▶ **DATA EXTRACT**

[Start of section]

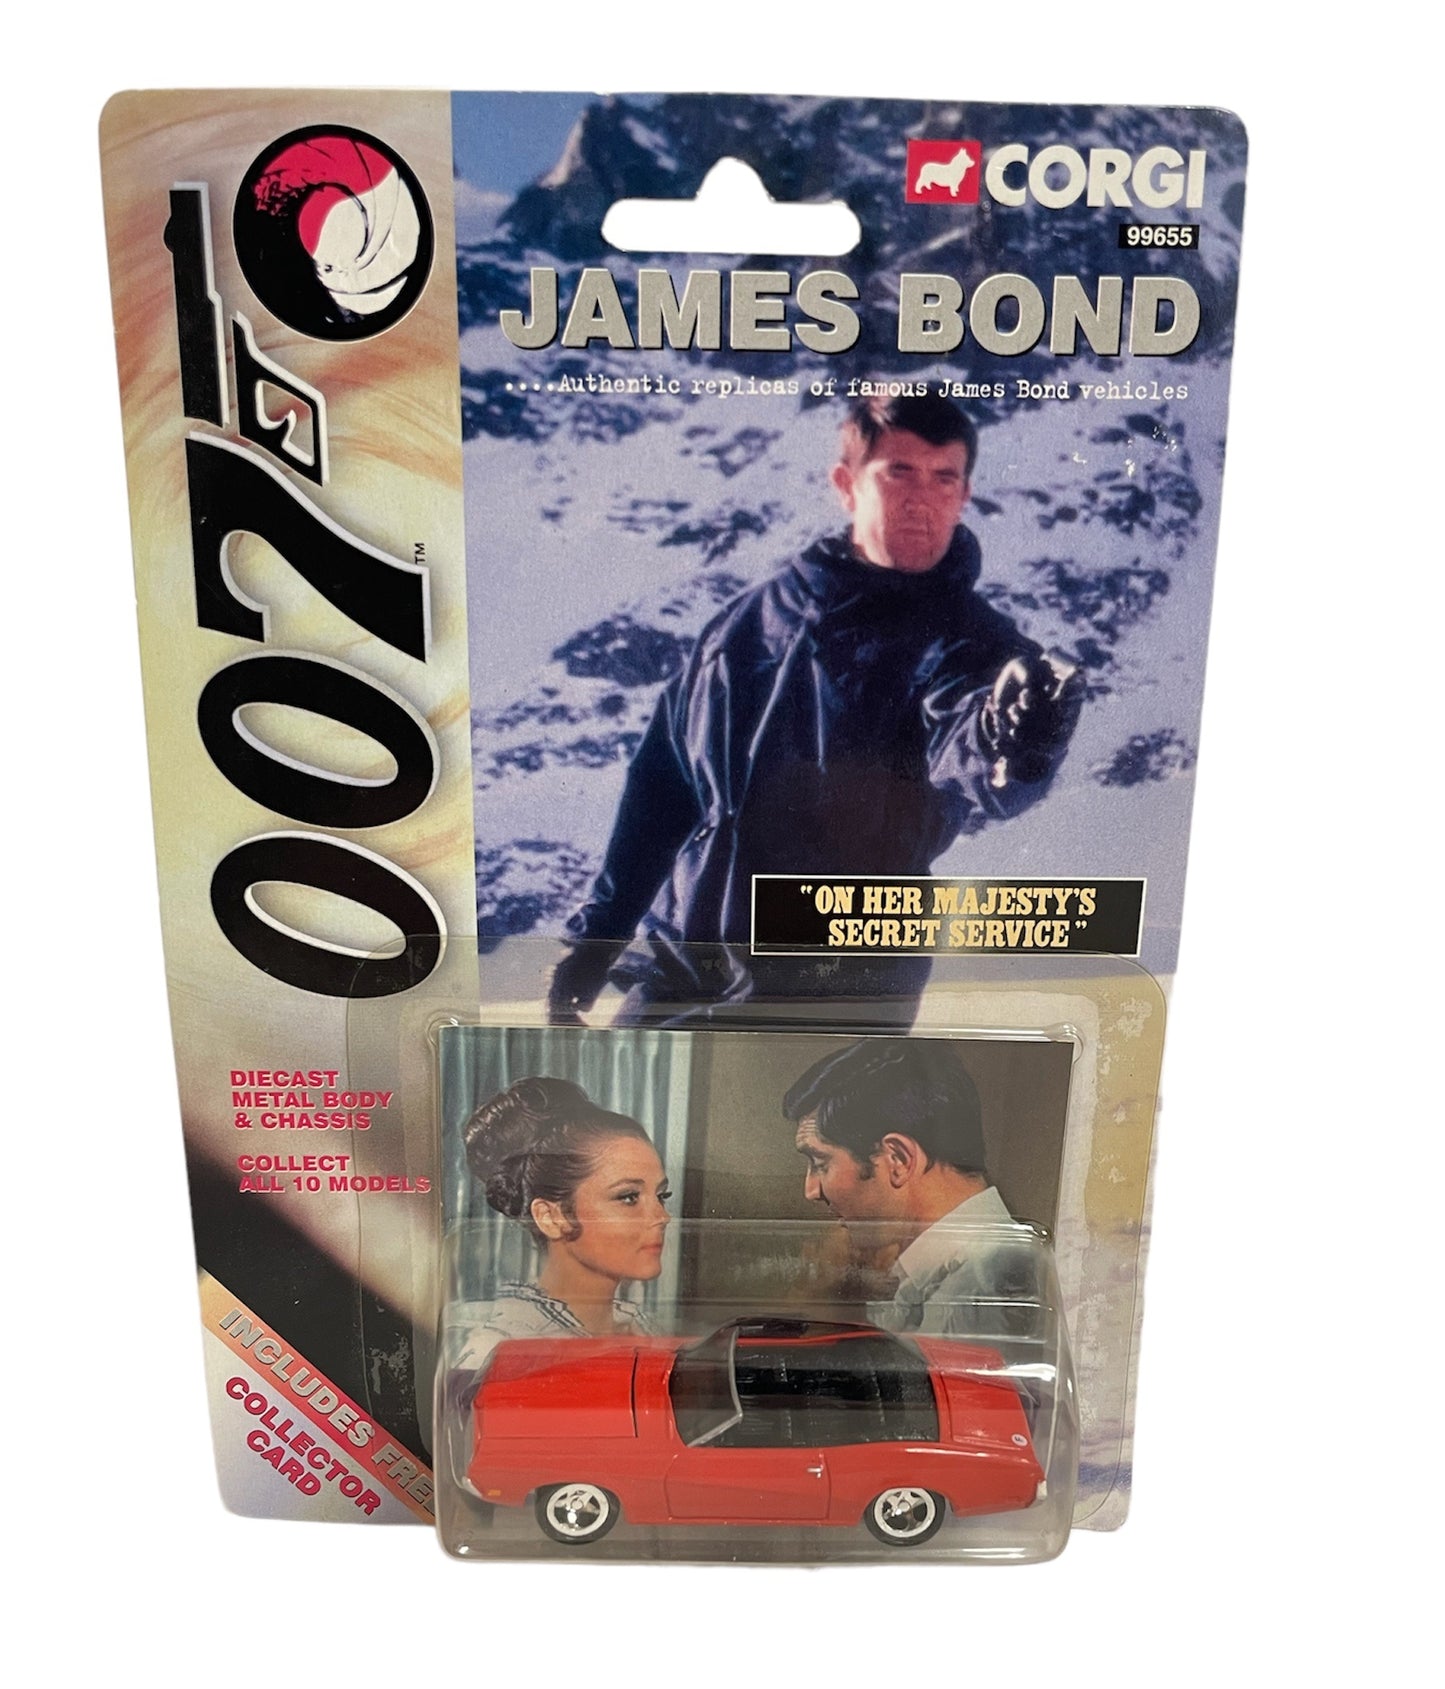 Vintage 1999 Corgi James Bond 007 - On Her Majestys Secret Service - Mercury Cougar XR7 Convertible 1:65 Scale Die-Cast Vehicle Replica Number 99655 - Includes Free Collectors Card - Brand New Factory Sealed Shop Stock Room Find
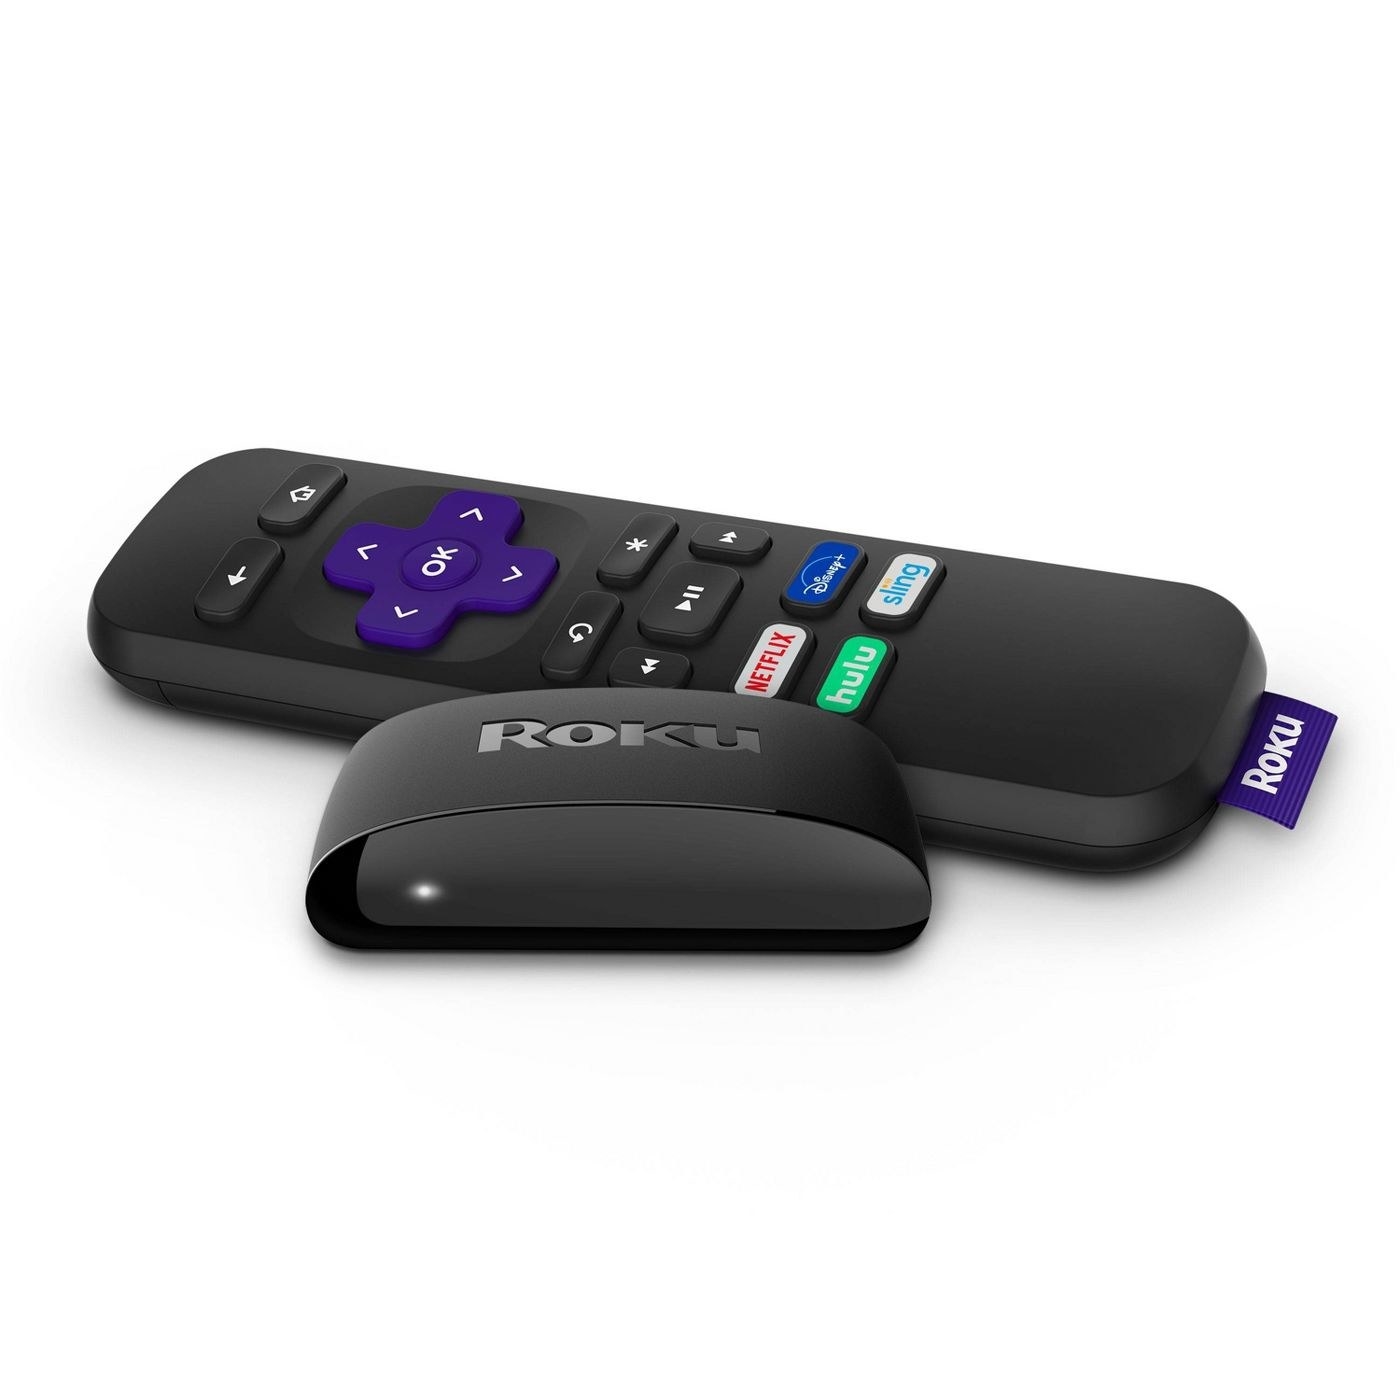 the roku and its coordinating remote
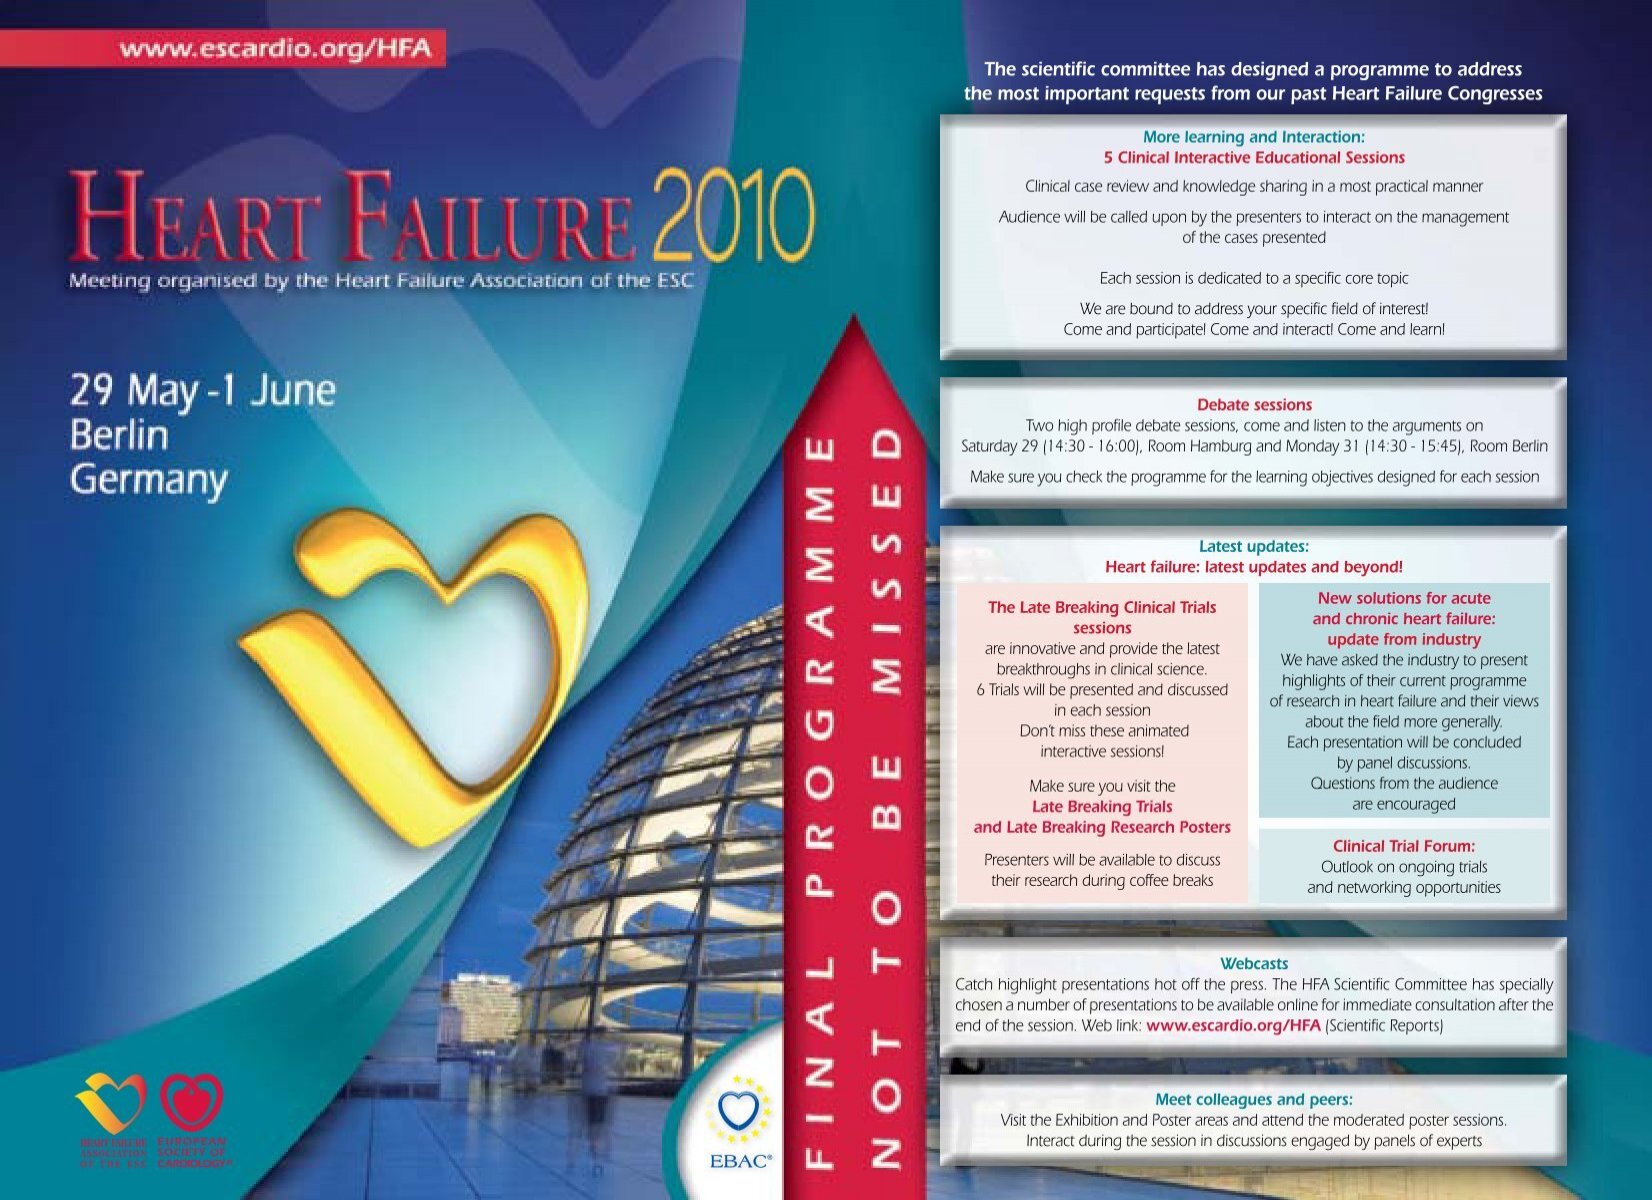 monday posters sessions - European Society of Cardiology
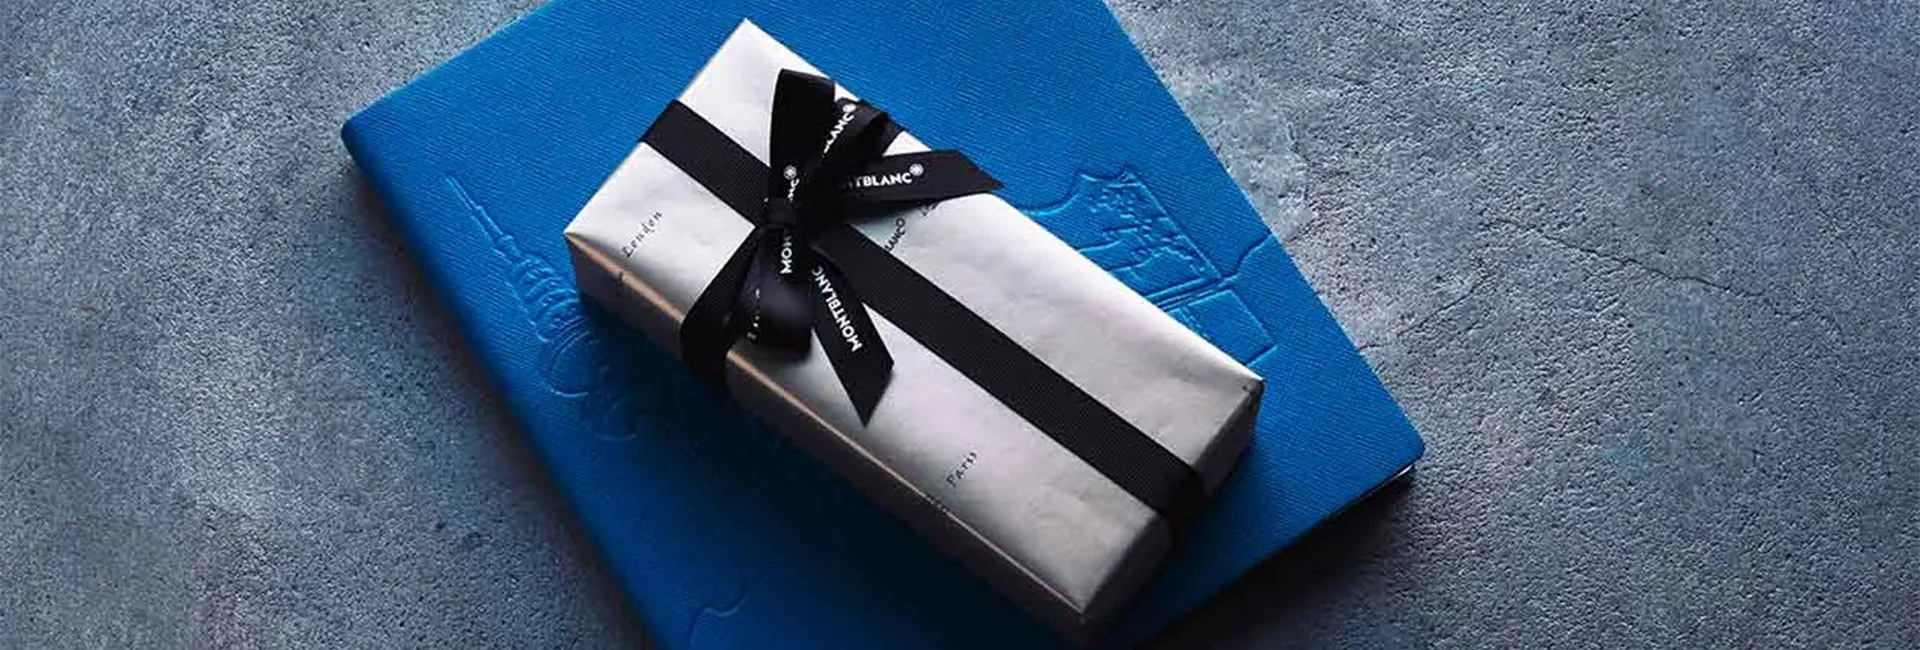 Montblanc Gifts

[End of section]

▶ **TO DO**
What is needed is an exact reproduction of the data, pictures excluded.

▶ **ANSWER SECTION**
 Vintage 1999 Corgi James Bond 007 - On Her Majestys Secret Service - Mercury Cougar XR7 Convertible 1:65 Scale Die-Cast Vehicle Replica Number 99655 - Includes Free Collectors Card - Brand New Factory Sealed Shop Stock Room Find
 the roku and its coordinating remote
 monday posters sessions - European Society of Cardiology
 Montblanc Gifts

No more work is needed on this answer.